The regional grid is posing its distinctive security challenges. The genesis of this goes back to the Soviet invasion of Afghanistan and the concomitant rise of Islamic religious militancy and terrorism. The nurturing of Taliban ideology in the Pakistan-Afghanistan tribal belt in the 1990s, and the subsequent emergence of Taliban factions in Afghanistan (currently in power in Kabul) and the Pakistani variant (TTP) has acquired disturbing malignancy for Rawalpindi — the GHQ of the Pakistan army.
Over the last few months, the TTP has scaled up its attacks on the Pakistani army and Islamabad was subjected to a terrorist attack — the first since 2014. The TTP enjoys a degree of tacit support from the Taliban-led regime in Kabul and the New Year began with a very bitter exchange of words between Pakistan and Afghanistan. Threats by Pakistan that it would bomb TTP hideouts in Afghanistan were angrily rejected by the Taliban and a January 2 tweet sums up the state of the Pak-Afghan estrangement. Taliban spokesman Ahmad Yasir tweeted in response to the Pakistan threat: ‘This is Afghanistan, the graveyard of empires. Never think of a military attack on us, or else you may end up with the embarrassing repeat of the (post-1971 Bangladesh War) agreement with India.’

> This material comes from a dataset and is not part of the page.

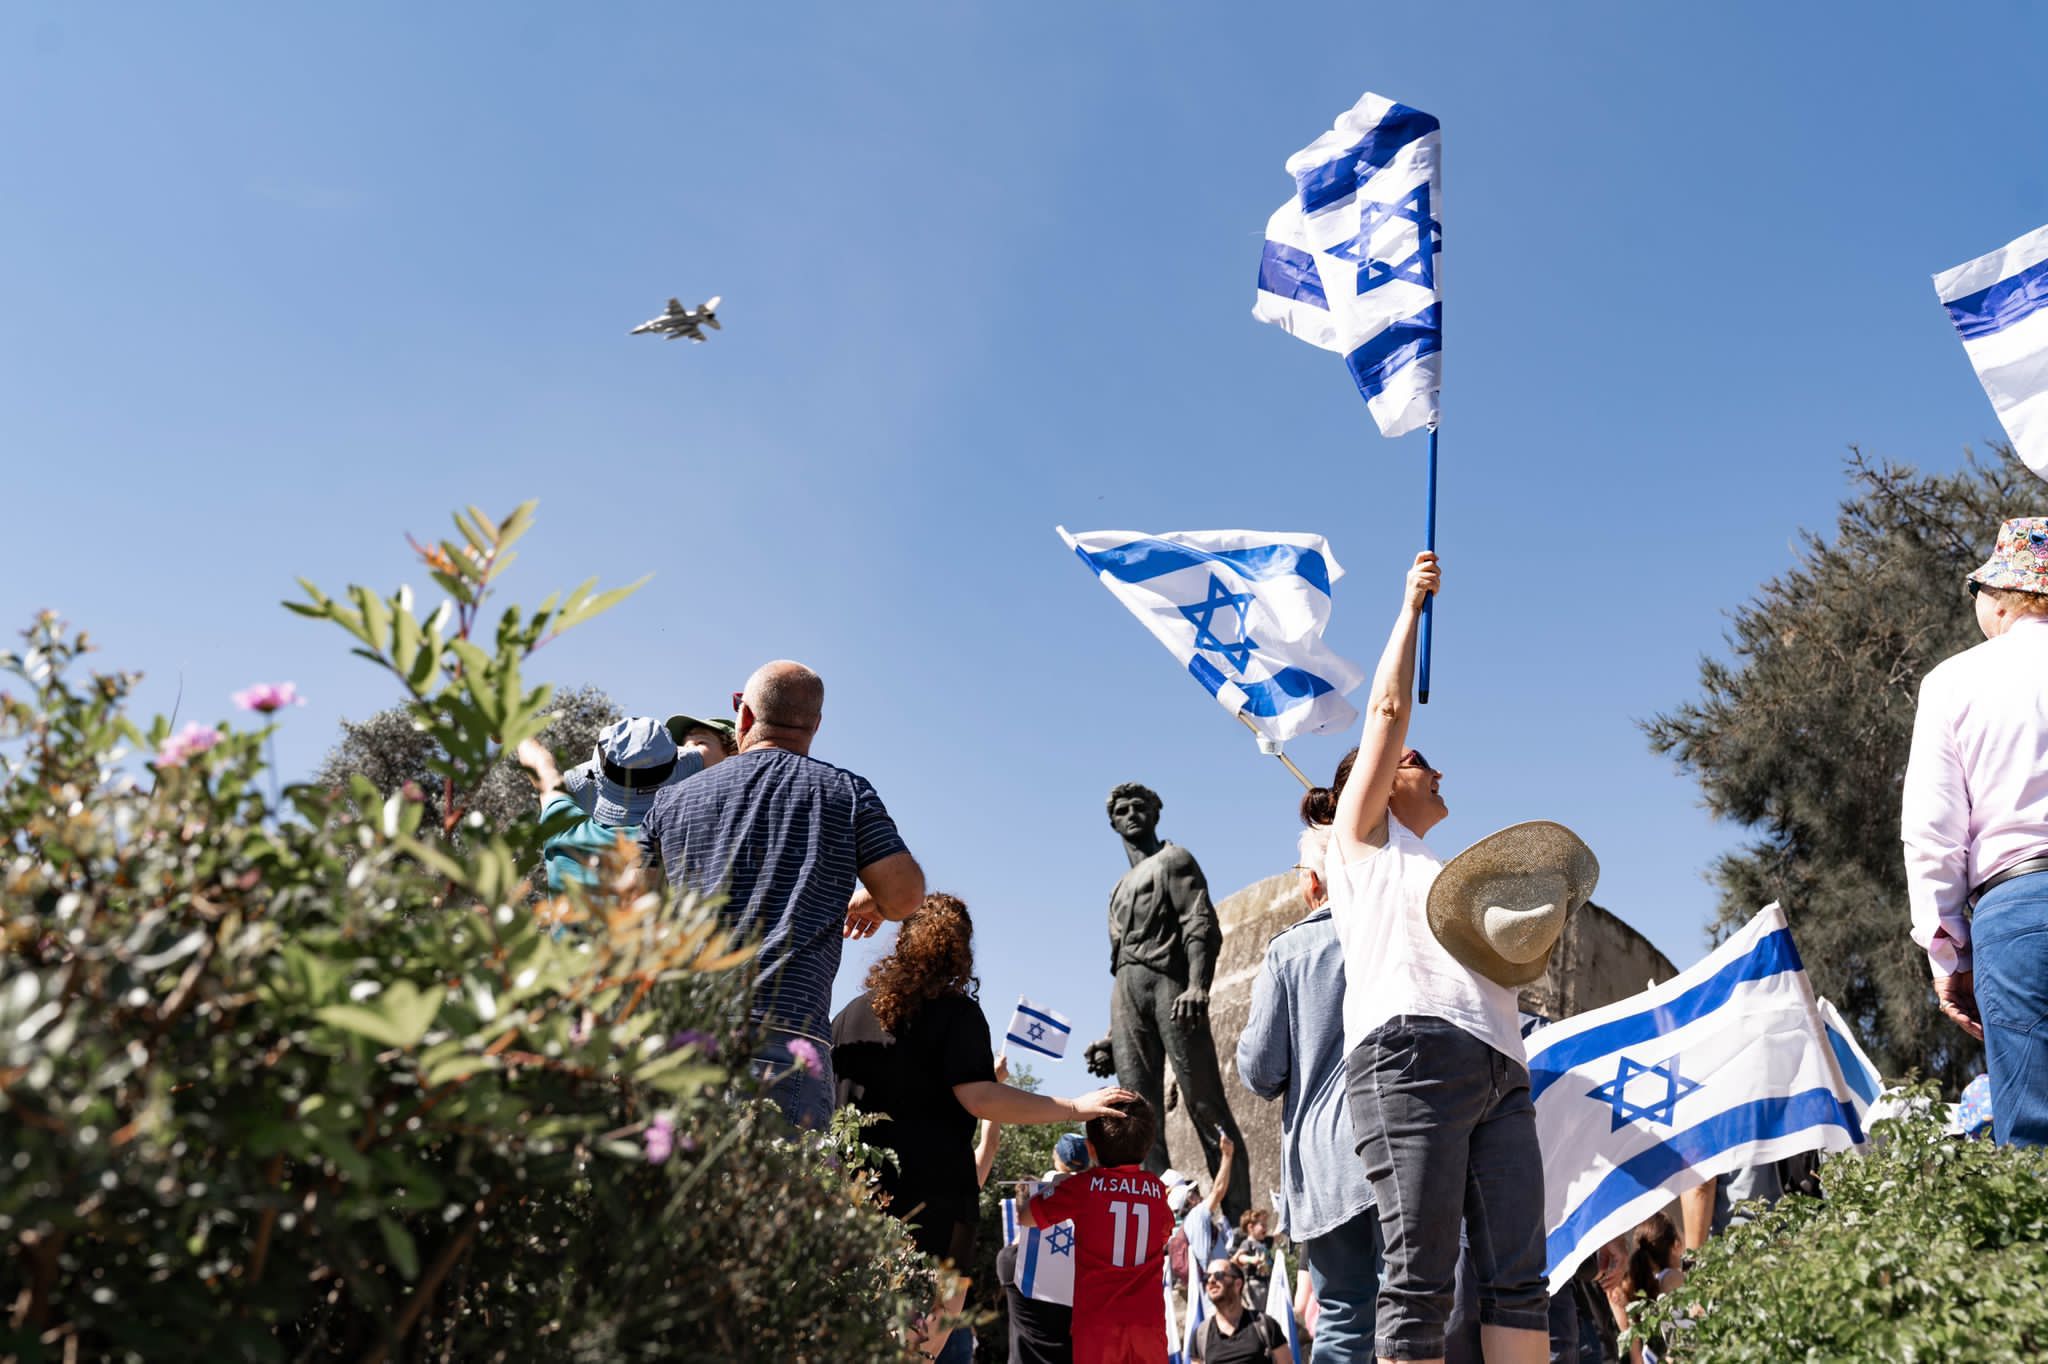 Entre desafios e esperança: Israel observa dias da Lembrança e da Independência

The irony for the Pakistan ISI is having to deal with an entity it created — the proverbial case of a beneficiary ‘biting the hand that feeds’ — and there is a sense of déjà vu about the TTP becoming the kind of domestic threat that it became in 2008. This was the phase whose most bloody manifestation was the 2014 terror attack on Army Public School in Peshawar.

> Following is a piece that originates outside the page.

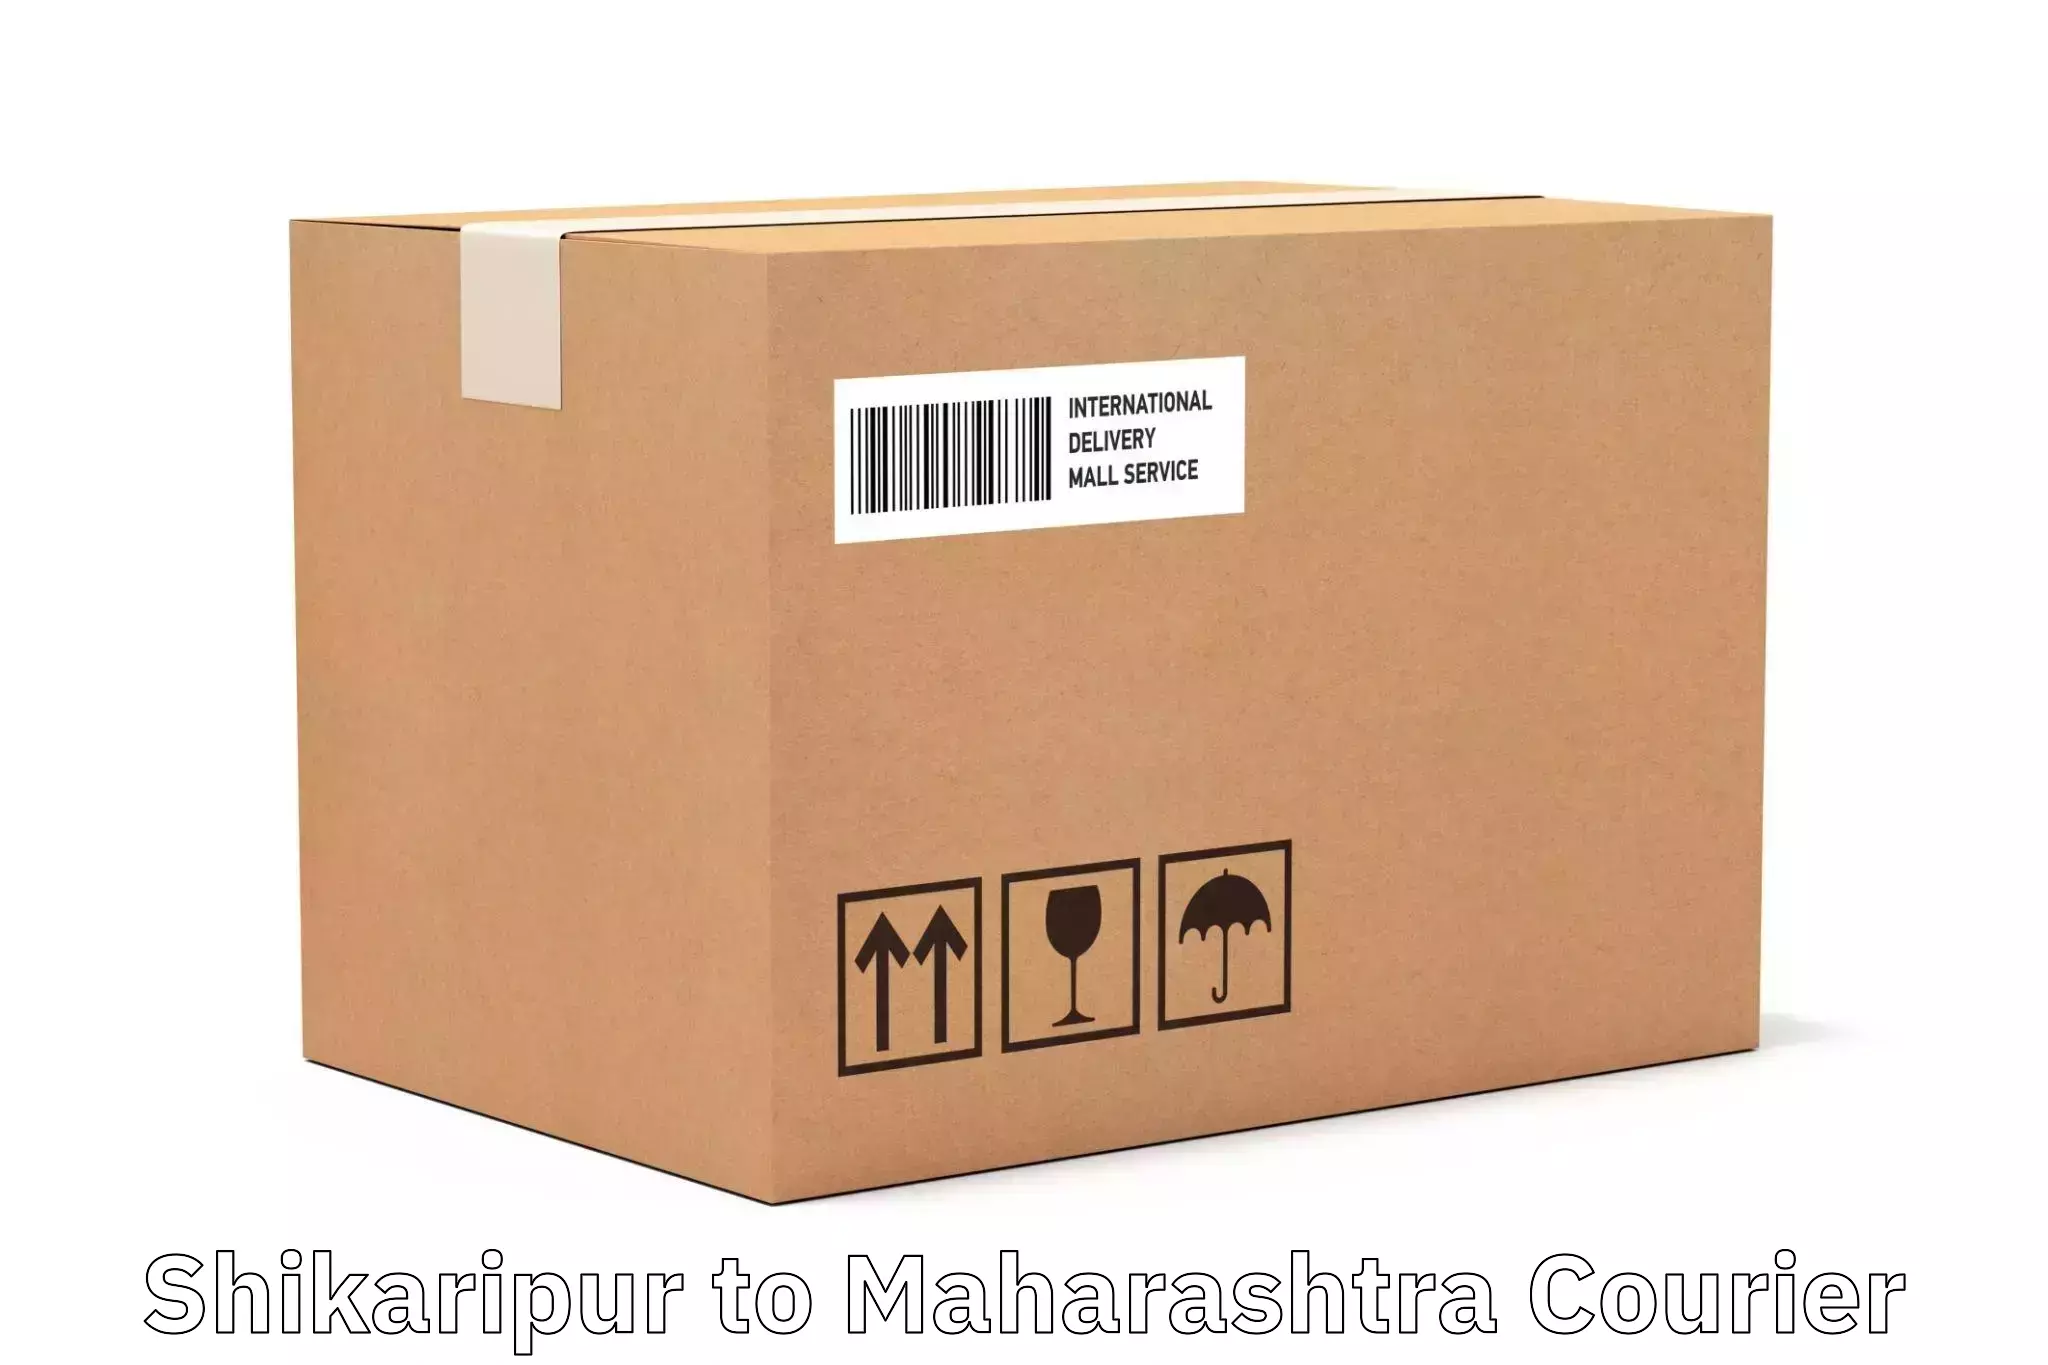 Customizable delivery plans Shikaripur to Maharashtra

In that period, the then US Secretary of State, Hillary Clinton, warned Pakistan (December 2011) that ‘you can’t keep snakes in your backyard and expect them only to bite your neighbours. Eventually those snakes are going to turn on whoever has them in the backyard.’
For Delhi, the possibility that these terrorist ‘snakes’ will be encouraged to target Indian assets remains a perennial security challenge and the recent uptick in violence in Jammu and Kashmir is illustrative of what lies ahead. The close cooperation between China and Pakistan and the contradictory, yet close, US-Pakistan relationship apropos of Afghanistan and terrorism will pose a complex challenge for Delhi — even as it prioritises the stewardship of the G20 in 2023.
The challenges to India’s national security are likely to become more virulent in 2023, but the higher defence management responses do not appear to have the kind of clarity and urgency that they merit — if the deliberations in Parliament are any indication. Earnest rhetoric is no substitute for substantive and sustained investment in enhancing composite military capability and professional political acumen.